__Try it__. Print all of the data exactly, but drop the pictures.

__Provided material__.
◆ ◆ ◆ ◆ ◆ ◆ ◆
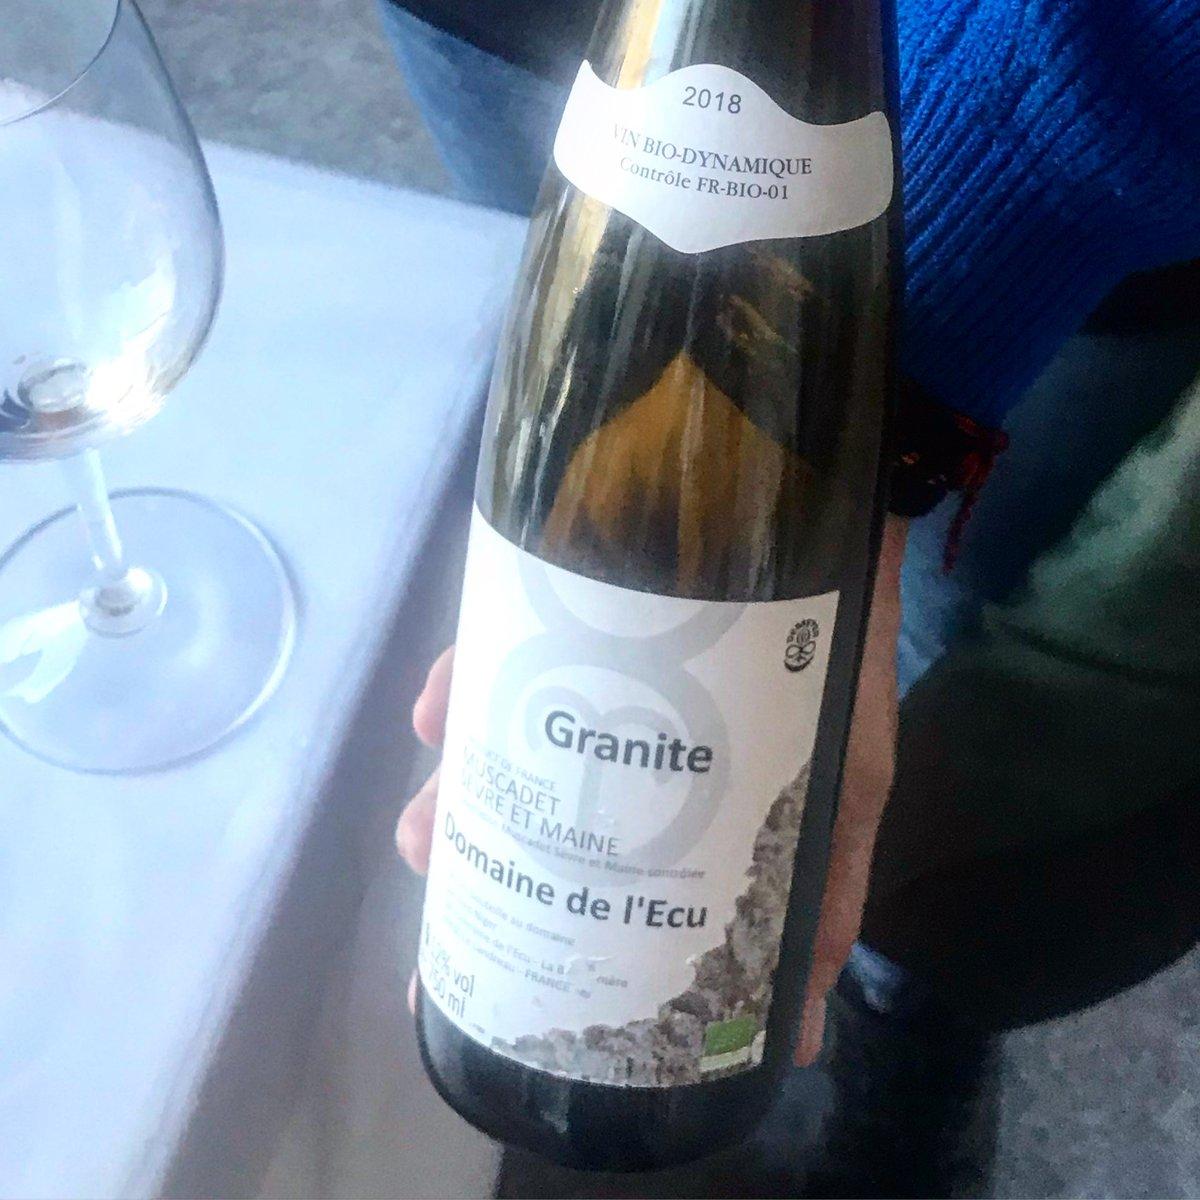 We tested the biodynamics of Domaine de l'Ecu. Mineral freshness of the Loire, France.  https://www.decantalo.com/en/wine/winery_domaine-de-lecu/…  #vilaviniteca #wine #winelover #loira @vilaviniteca #lamusicadelvi #frenchwine #biopic.twitter.com/TrjyipVJjq
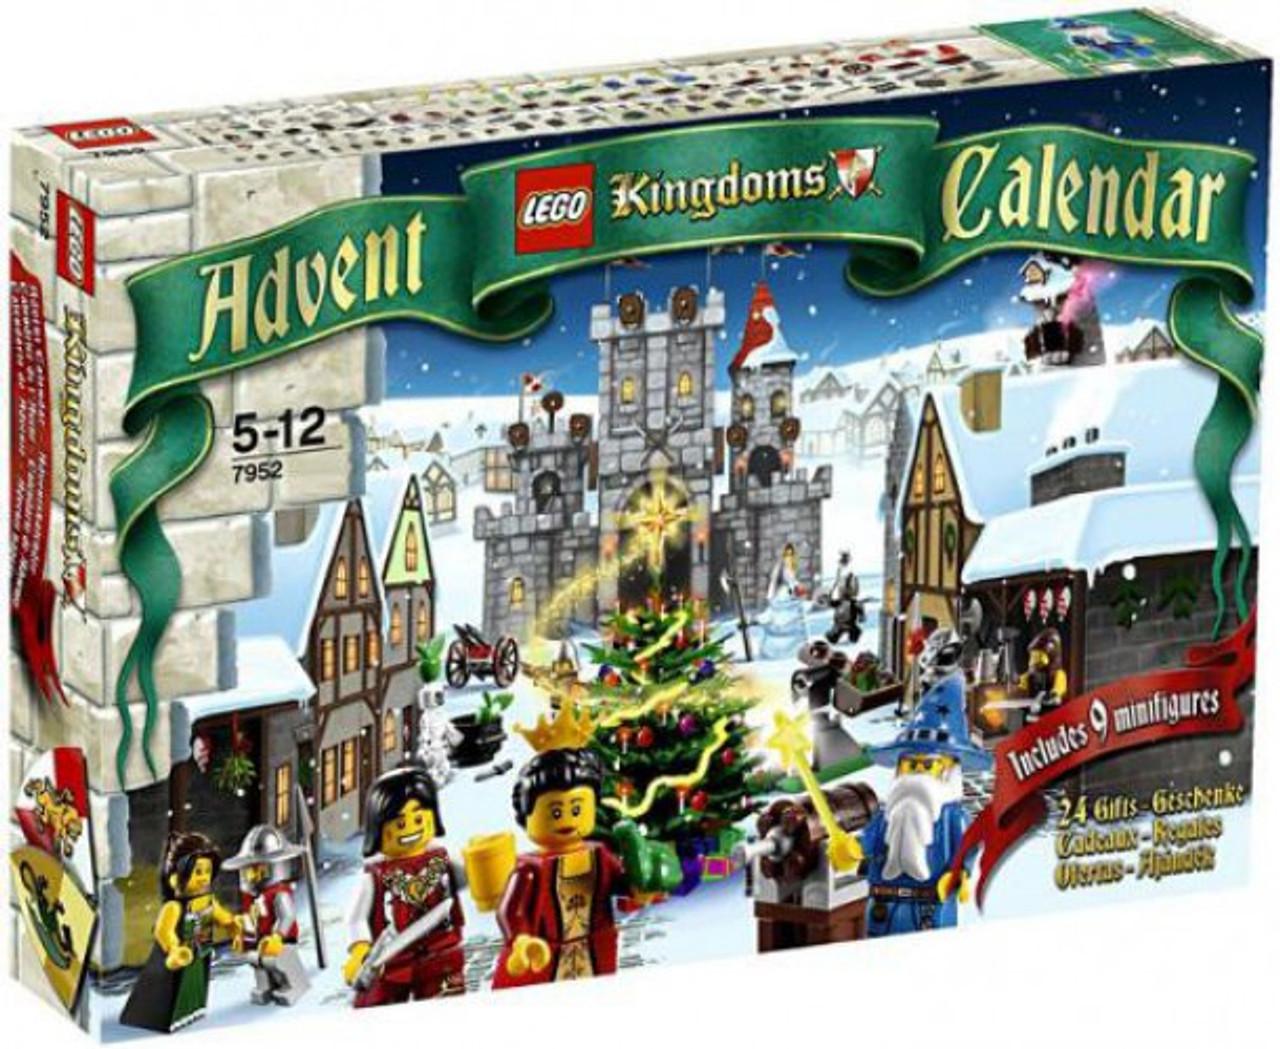 LEGO Kingdoms 2010 Advent Calendar Set #7952
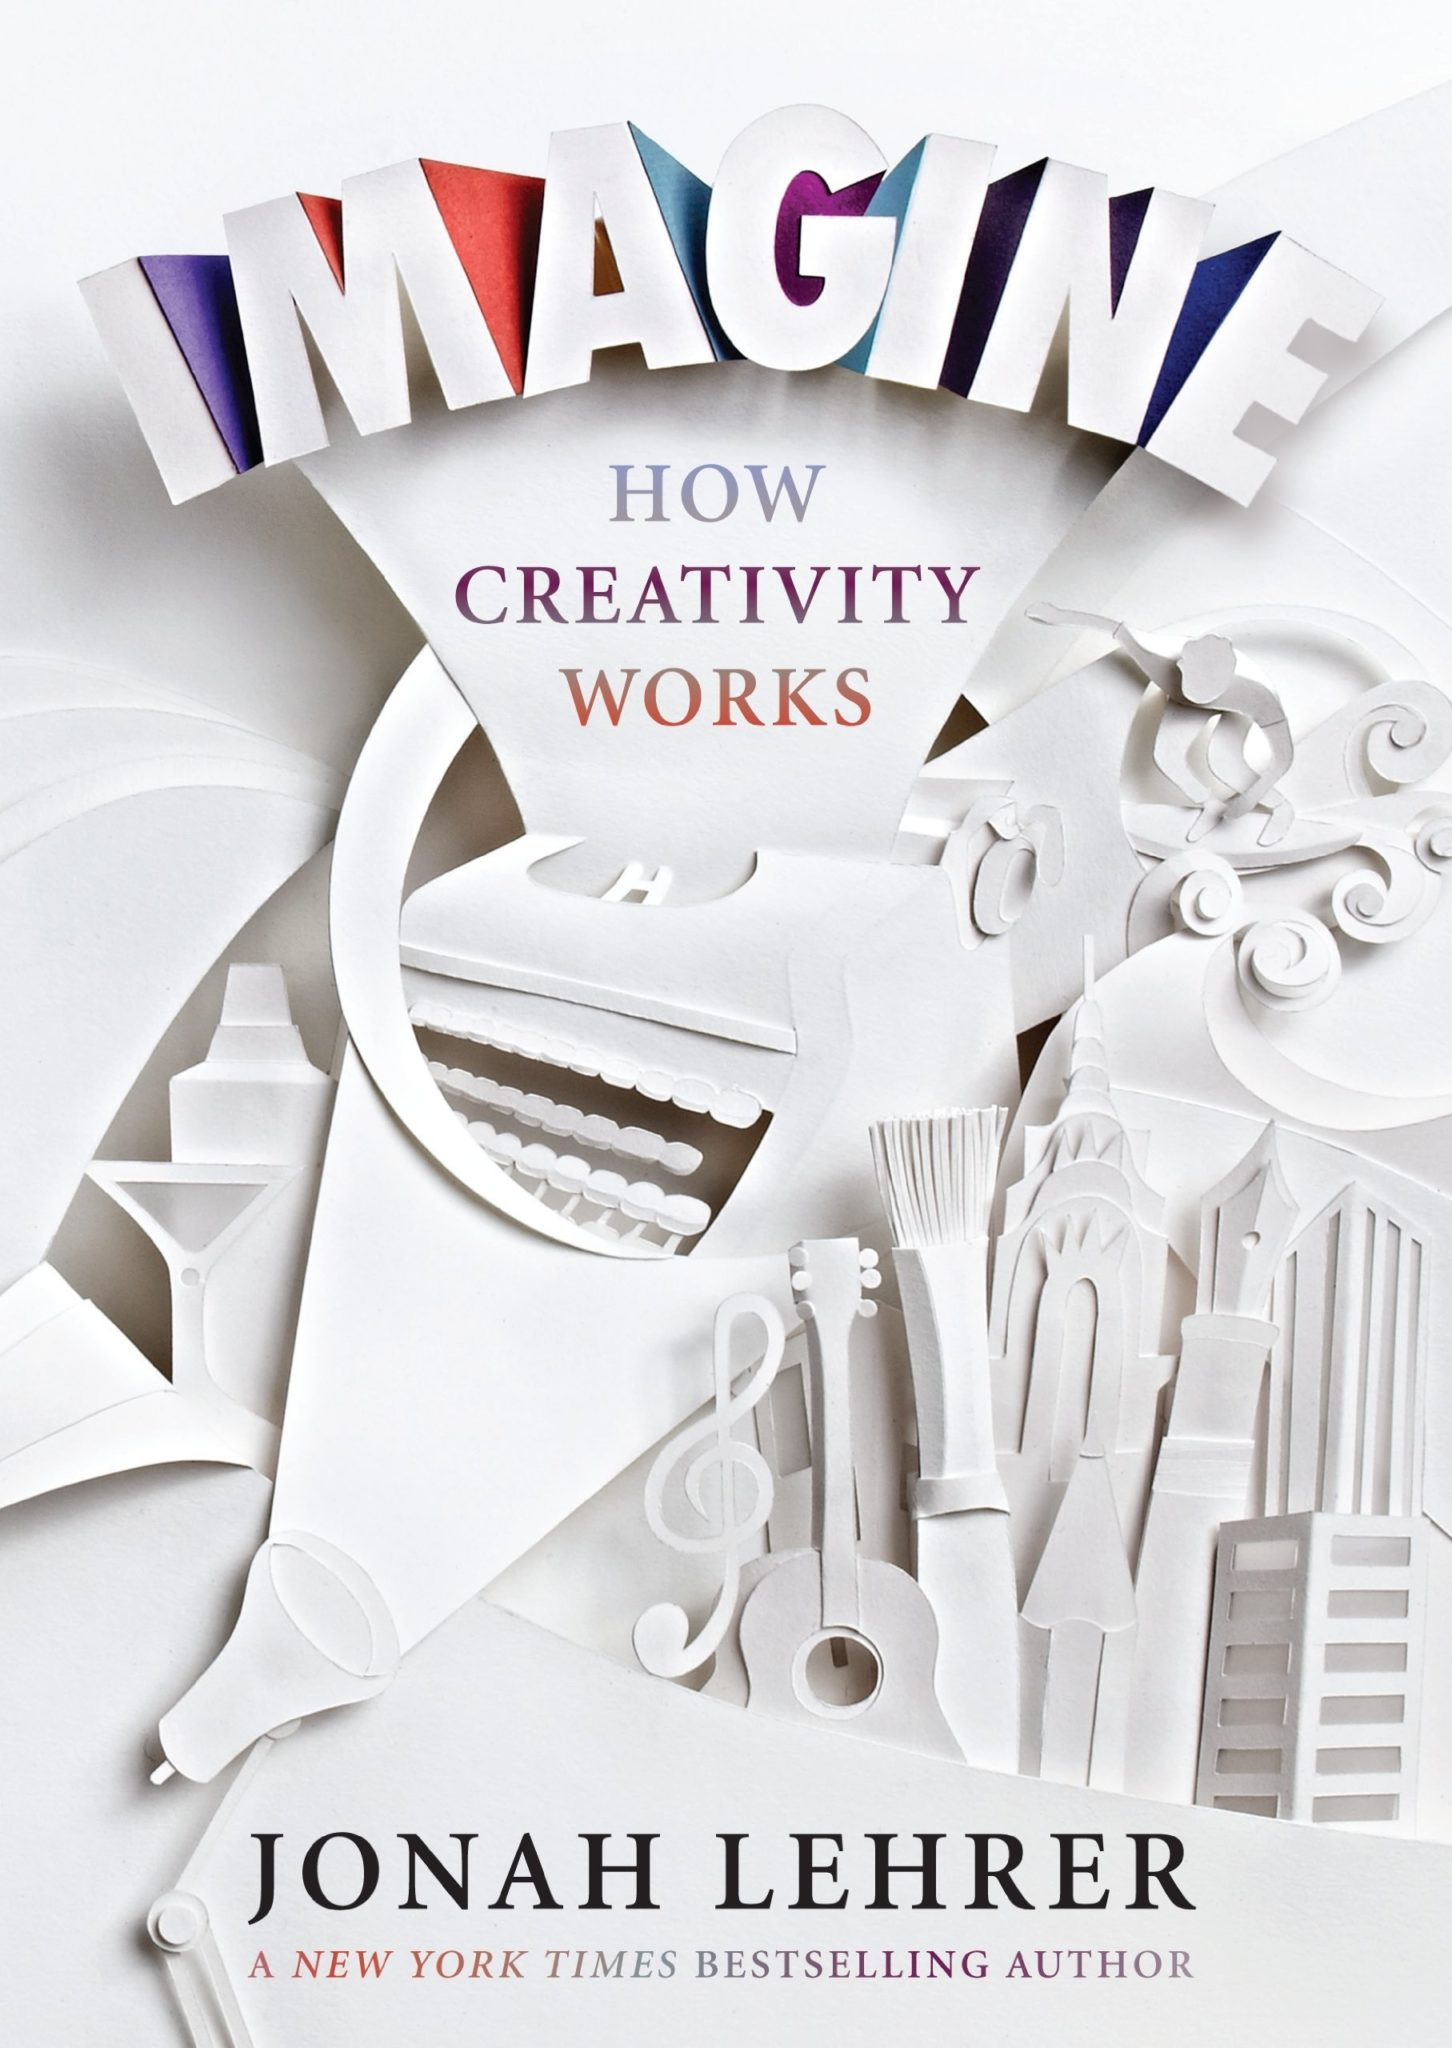 Imagine. How creativity works.
◆ ◆ ◆ ◆ ◆ ◆ ◆
__Reply to the task__.
 We tested the biodynamics of Domaine de l'Ecu. Mineral freshness of the Loire, France.  https://www.decantalo.com/en/wine/winery_domaine-de-lecu/…  #vilaviniteca #wine #winelover #loira @vilaviniteca #lamusicadelvi #frenchwine #biopic.twitter.com/TrjyipVJjq
 LEGO Kingdoms 2010 Advent Calendar Set #7952
 Imagine. How creativity works.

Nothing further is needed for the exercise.